Awesome! Glad there are some warm season guys following, thanks for following along mate :thumbup:


----------



## g-man

lawntips said:


> I live in a town called 'Orange' which is in New South Wales. It's a little country town :thumbup:


I googled the town to see the weather. Google has an image of your house/yard as one of the main ones.










I think the trees might give too much shade to the PRG. :rofl:


----------



## lawntips

g-man said:


> lawntips said:
> 
> 
> 
> I live in a town called 'Orange' which is in New South Wales. It's a little country town :thumbup:
> 
> 
> 
> I googled the town to see the weather. Google has an image of your house/yard as one of the main ones.
> 
> 
> 
> 
> 
> 
> 
> 
> 
> 
> I think the trees might give too much shade to the PRG. :rofl:
Click to expand...

How did you find it?! You have some mad skills mate 😂


----------



## Pete1313

I look forward to following your project. 8mm HOC is going to look awesome! :thumbsup:



lawntips said:


> g-man said:
> 
> 
> 
> Looking forward to see this progress.
> 
> I have a question, why prg instead of kbg?
> 
> 
> 
> Thanks g-man!
> 
> In all honesty because of time for establishment and it's struggles with certain herbicides. We have some nasty weeds here in Australia that KBG doesn't have chemicals registered to work on.
> 
> Plus I want to get the lawn useable quickly so the kids can get back on it!
> 
> I do love KBG though.
Click to expand...

The patience in waiting for KBG to establish is tough. At lawntips intended HOC, it would also be pushing the limits for KBG. PRG would be a better fit at 8 mm (.31 in).

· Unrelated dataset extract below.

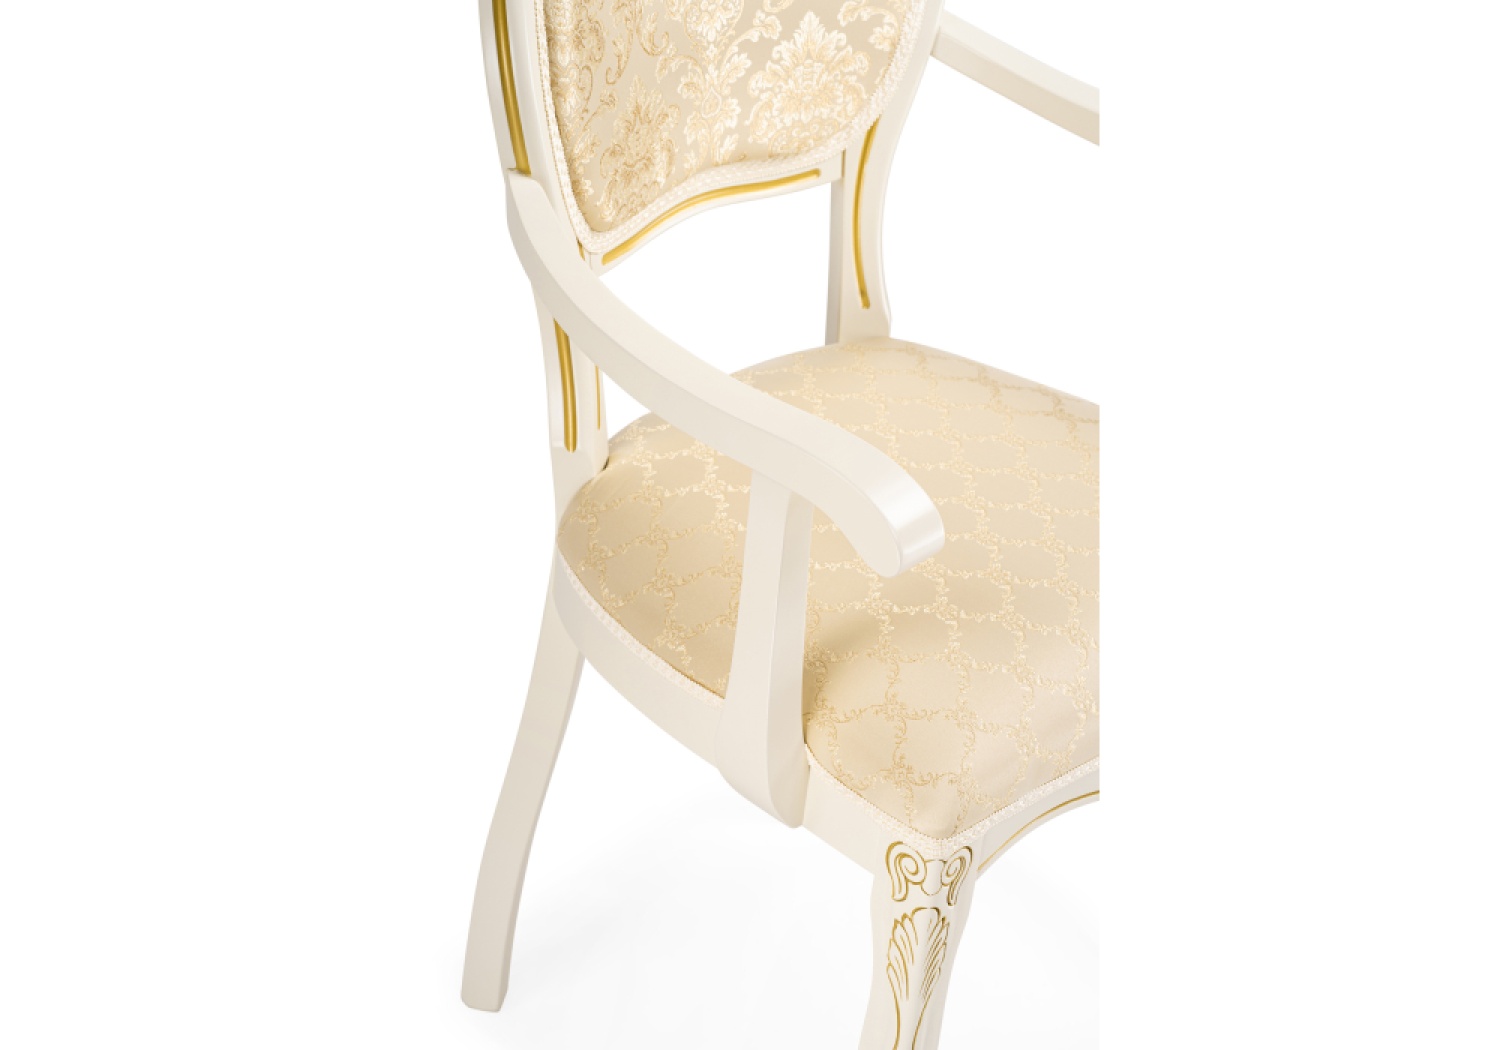 Деревянный стул Лауро слоновая кость с золотой патиной / бежевый
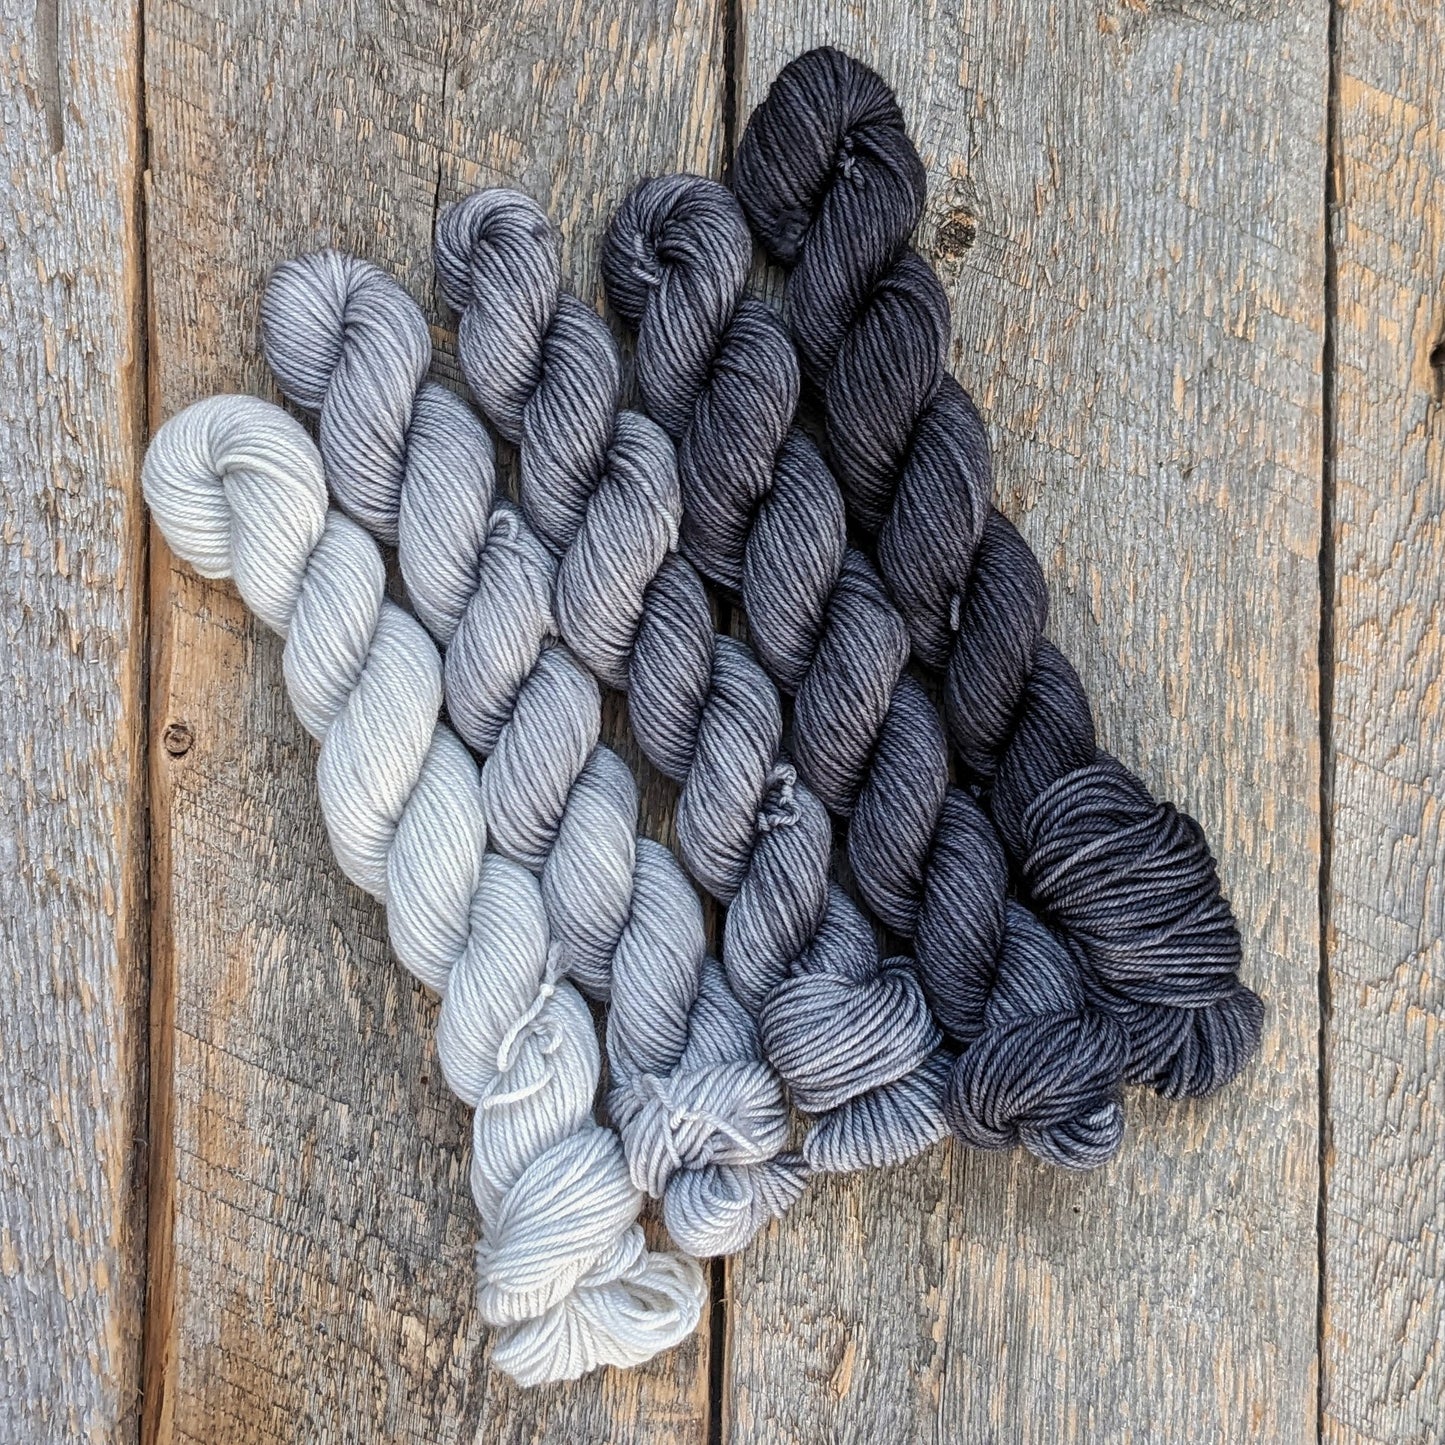 gradient mini set, gray yarn, black yarn, ansel adams gradation, mini skeins, twisted mini skeins, sock yarn, fingering yarn, black hand dyed yarn, gray hand dyed yarn

@lawntips did you put any thought into any bentgrass varieties? When is your target seed down date?


----------



## lawntips

Pete1313 said:


> @lawntips did you put any thought into any bentgrass varieties? When is your target seed down date?


Sure did! I cut it everyday at work on the golf greens and the amount of maintenance and extra care needed isn't worth it in my opinion. Bit harder to eradicate the poa as well.

Would look awesome though having a bentgrass Lawn at home.


----------



## lawntips

Alright quick update!! 
My lawn has been pulled out and laid at my friends house. 
Has been a massive week prepping and getting things organised but here are some pictures below. 
Still need to level out my yard with the laser level and screed this week and then hopefully seeding next Saturday!! 
Used a rotary hoe at home to loosen up all the old soil as well. So glad that I did!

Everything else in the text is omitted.